第2話 クミのおみくじ
”彼氏が欲しい彼氏が欲しい彼氏が欲しい彼氏が欲しい”
延々とそんな言葉が心の中に入り込んできて、クミはクスリと笑うと、カシャカシャと振られる御籤筒へフッと息を吹きかける。
御籤に書かれた番号のおみくじを受け取った女の子は、パッと顔を輝かせた。
「やったぁっ!【素敵な出会いがあるでしょう】だってっ!」
クミはできる限り、人間たちの願望を聞き取り、人間たちの想いに沿うおみくじを提供してきた。
年の初めの運試し。
そこでわざわざ、希望を打ち砕くようなことを、クミはする気にはなれなかった。
”合格しますように!絶対に、第一志望の学校に合格しますように!”
再びカシャカシャと振られる御籤筒へ、クミはフッと息を吹きかける。
御籤に書かれた番号のおみくじを受け取った男の子は、安心したような笑顔を見せた。
「良かったぁ・・・・【希望は叶う】だって!あっ、でも、【油断は禁物】、か。最後まで気を抜かないで頑張らなきゃな」
クミは、ただ人間の想いに沿うだけのおみくじを提供している訳ではない。
その人間が持つ、本来の力を引き出すためのアドバイスも、そっと添えているのだ。
「相変わらず、つまんねーことやってんなぁ、オマエ」
興味津々といった顔で、天邪鬼はクミの仕事をじっと見つめている。
クミの所へ来ると天邪鬼は大抵、クミの仕事の様子を興味深々の様子で見ているのだ。
「ねぇ、もしかして、あなたもやってみたいとか、思ってる?」
ふと思い立って掛けたクミの言葉に、天邪鬼は顔を真っ赤にして怒鳴り返す。
「バッ、バカ言ってんじゃねぇっ!オイラ、全然お前の仕事になんか、興味ねぇしっ!」
「ふふふっ・・・・じゃあ、やってみる?」
「やらねぇって言ってんだろ、バカっ!」
天邪鬼の心はいつでも、その言葉の裏側にある。
小さく笑いながら、クミが天邪鬼に自分の場所へ来るように誘うと、天邪鬼は渋々と言った様子でクミと場所を変わった。
「別に、やりたかった訳じゃねぇからなっ?!」
「うん。
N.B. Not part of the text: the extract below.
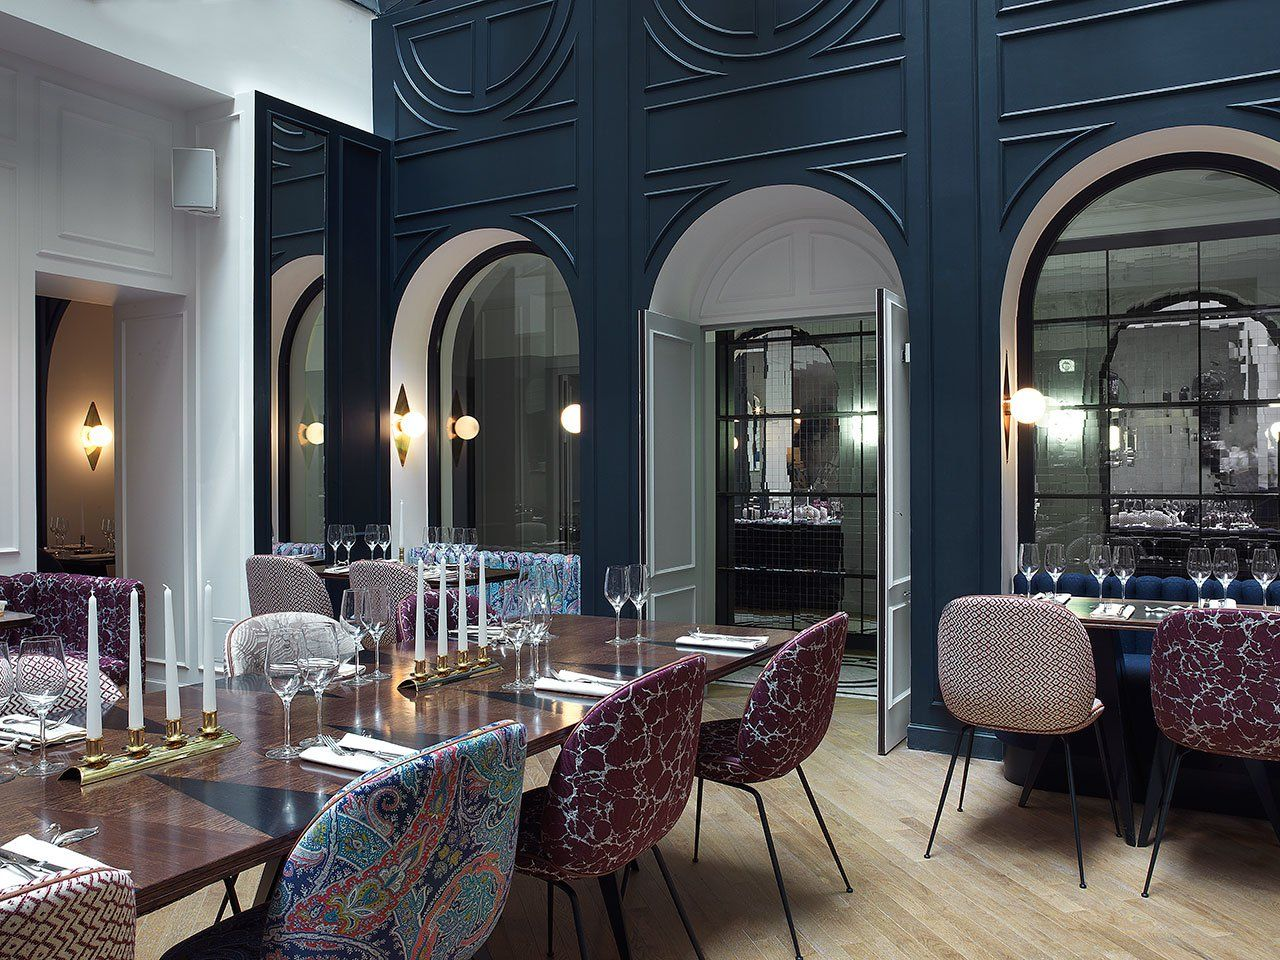 Art deco thrills at hotel bachaumont paris cafes restaurants

じゃあ、やってみよっか?」
「うるせぇっ、オマエ、俺の言葉聞こえてんのかっ?!」
「ちゃんと聞こえてるよ?はい、じゃああの人に、おみくじを選んであげて」
「やなこったっ!」
そう言いながらも、天邪鬼は先頭に並んでいる人間の心の中を覗き込んだ。